New in FLAMES with UK biobank LD FLAMES
MLLT10
HTT
SSR1

It probably makes more sense to focus on the UK biobank LD panel so would focus on this list. I'll paste it below again:

ARFGEF2
CA10
UNC13C
SHISA6
SOX6
MMS22L
OLFM4
PEBP1
ZNF644
LRRC7
DCC
MLLT10
HTT
CACNA1E
VRK2
ALK
VRK2
MICALL2
KIAA1239
STT3B
VPS54
RIMS1
PTPRE
NR2F1
PTBP2
RP11-147C23.1
ADARB2
SMCHD1
SSR1
LAMA2
HABP2
 

Attachments

It probably makes more sense to focus on the UK biobank LD panel so would focus on this list. I'll paste it below again:

ARFGEF2
CA10
UNC13C
SHISA6
SOX6
MMS22L
OLFM4
PEBP1
ZNF644
LRRC7
DCC
MLLT10
HTT
CACNA1E
VRK2
ALK
VRK2
MICALL2
KIAA1239
STT3B
VPS54
RIMS1
PTPRE
NR2F1
PTBP2
RP11-147C23.1
ADARB2
SMCHD1
SSR1
LAMA2
HABP2
Nice, thanks.

When doing the enrichment again with those, only one gene set is highlighted: synapse.

Another gene set, which I guess is targets of the microRNA mir-3620, was also significant, but was not highlighted, probably due to similarity to the synapse gene set.

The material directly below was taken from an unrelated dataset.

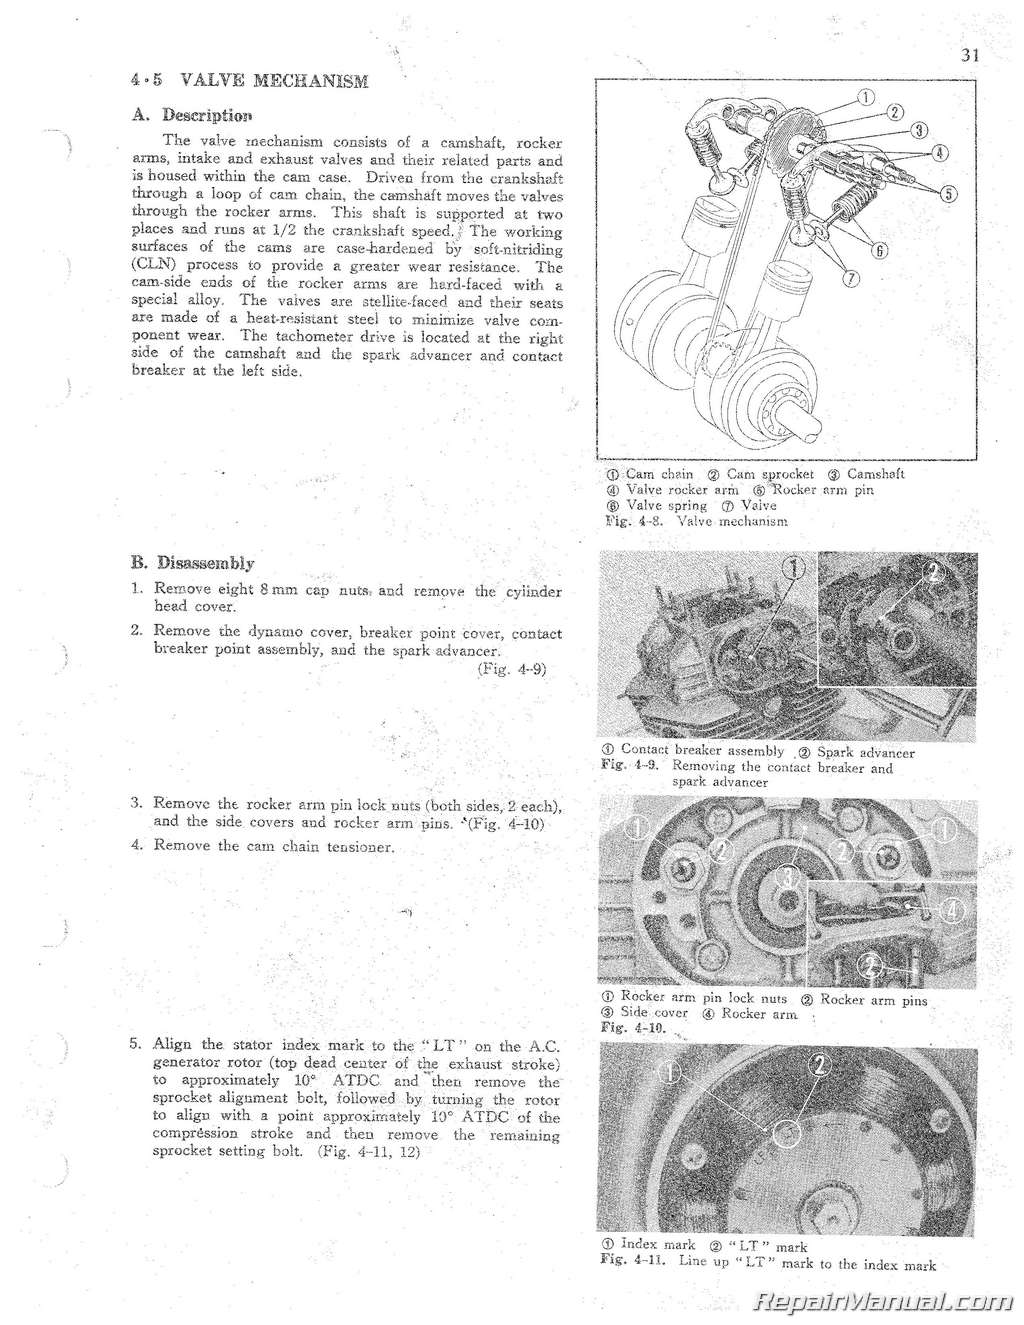 1968 1973 honda cb cl 250 cb cl sl350 motorcycle shop manual. Black Bedroom Furniture Sets. Home Design Ideas

term_idterm_namehighlightedadjusted_p_valueterm_sizequery_sizeintersection_sizeeffective_domain_sizeintersections
GO:0045202synapseTRUE0.0159160827922155ARFGEF2,UNC13C,SHISA6,DCC,HTT,CACNA1E,VPS54,RIMS1,LAMA2
MIRNA:hsa-mir-3620hsa-mir-3620FALSE0.024084027816638ARFGEF2,SHISA6,PEBP1,MLLT10,CACNA1E,PTBP2,SMCHD1,SSR1

It seems the other synapse-related gene sets are not significant anymore mainly because they include the now removed PLCL1 and/or NEURL1.

Edit: I might have been wrong about the reason mir-3620 isn't highlighted. I think the "highlighting" is just for GO terms. It might be worth looking at this miRNA.
 
Last edited:
@forestglip, I have a question about this data.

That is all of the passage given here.